Face à ces conditions difficiles, Collomb (2014) montre que la moyenne de de l’absentéisme est de 14,5 jours par salarié contre 21,3 dans le secteur de la santé et 32,5 dans une étude qu’il a menée auprès d’une vingtaine d’EHPAD. Et ces dernières années, les politiques de santé publique s’intéressent de plus en plus à « La prévention des risques

professionnels dans les EHPAD » (Chorum, 2012). Les responsables d’encadrement doivent aussi repenser l’encadrement et le recrutement des soignants, comme en témoignent

Daïeff et Babadjian (2008), respectivement cadre de santé et chef de service. L’organisation du travail en EHPAD est en effet une « tâche est ardue car elle touche la qualité et les projets

de prise en charge des résidents, les rythmes de travail et l’esprit d’équipe. » (David, 2004).

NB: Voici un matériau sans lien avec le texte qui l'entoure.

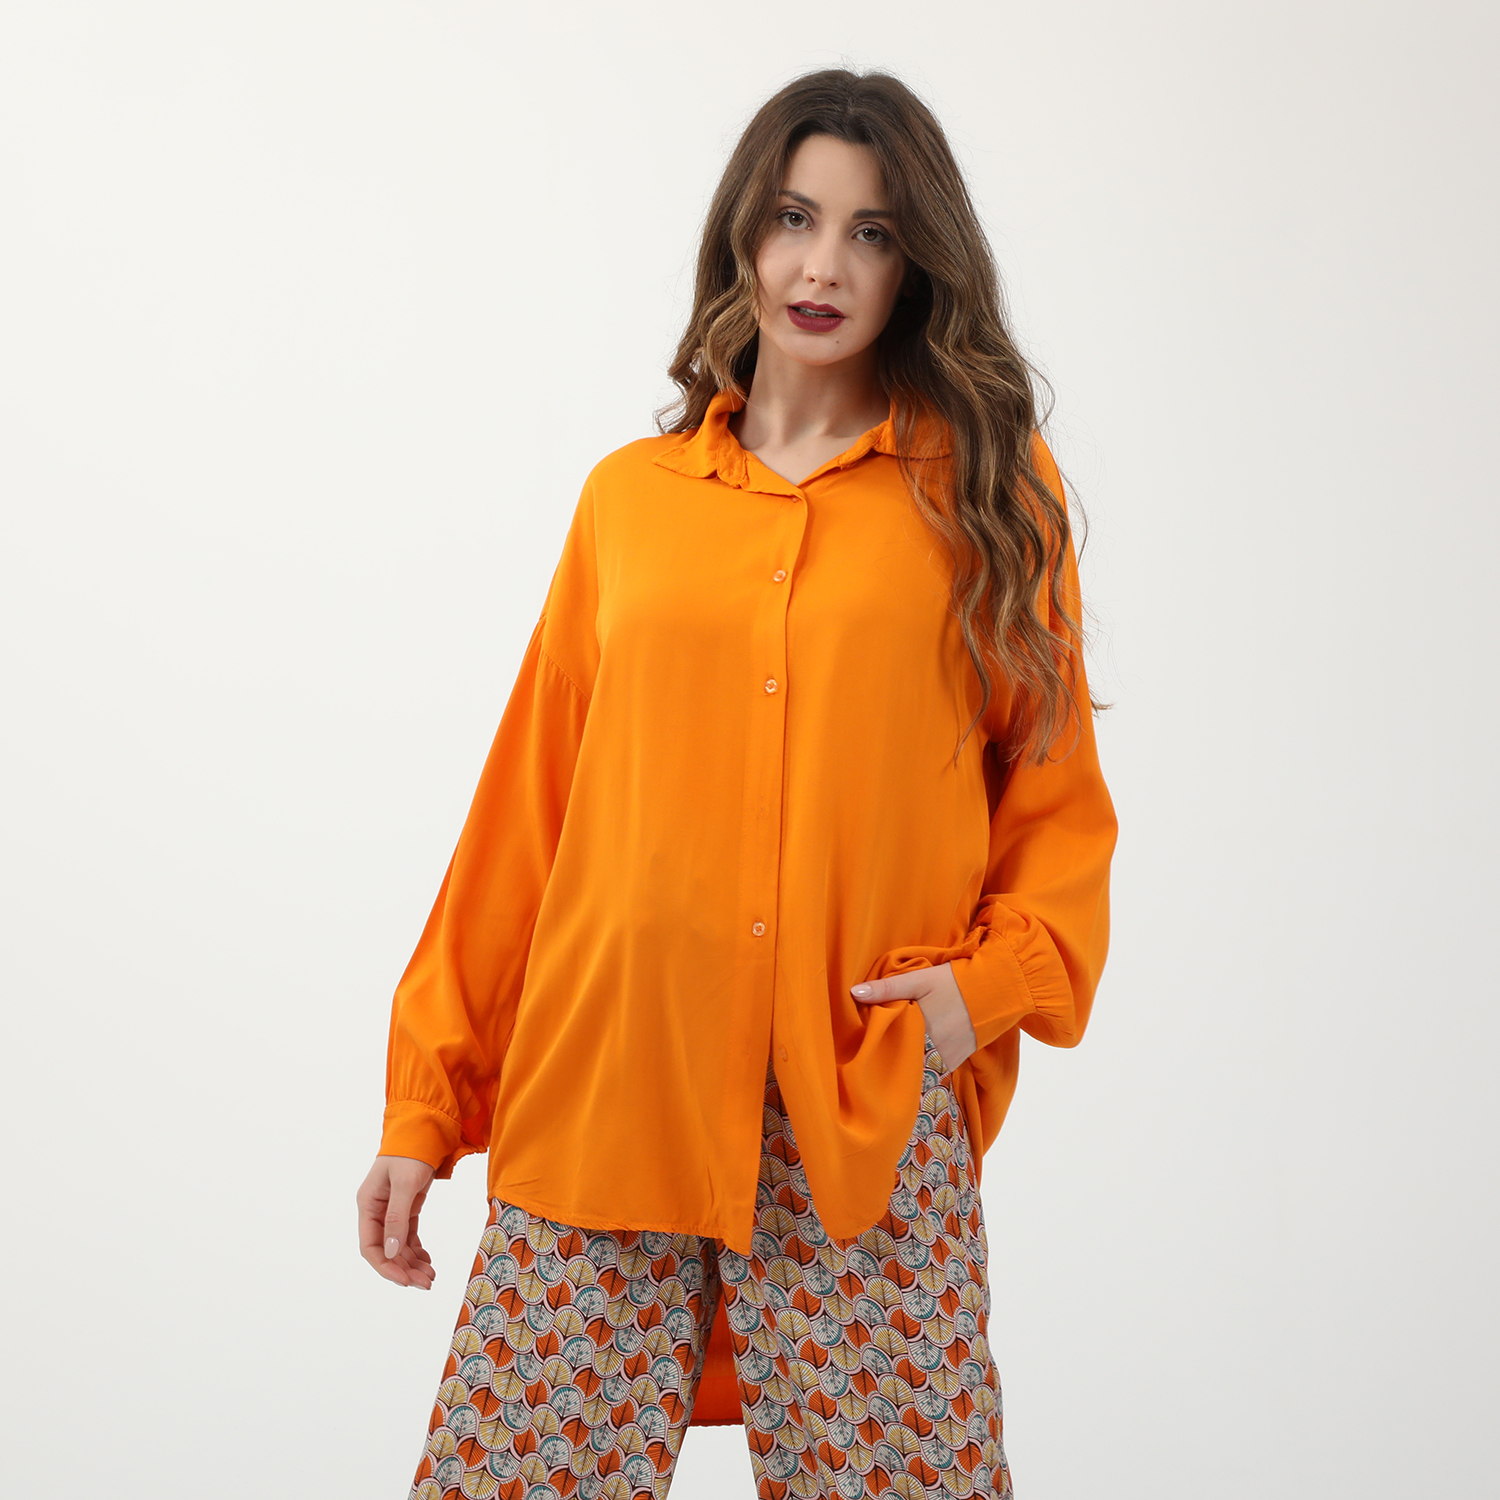 Γυναικεία/Ρούχα/Πουκάμισα/Πουκαμίσες ATTRATTIVO - Γυναικεία μακριά πουκαμίσα ATTRATTIVO πορτοκαλί

En 2013, Esnard, Bordel, et Somat (2013) ont réalisé une étude auprès de soignants sur le burn out, qu’ils soient concernés par la situation ou non, en les interrogeant sur des situations professionnelles. Les résultats en sont étonnants. En effet, malgré des conditions de travail difficiles, « l’analyse des adhésions de 30 soignants à une échelle d’attributions

causales construite et validée à cet effet a montré une plus grande adhésion à des explications relevant de causalités internes, tant contrôlables que non contrôlables, qu’à

des explications relevant de causalités externes, quelque soit la situation professionnelle évoquée. » On peut se demander quelle part de défense est sollicitée dans ce cas.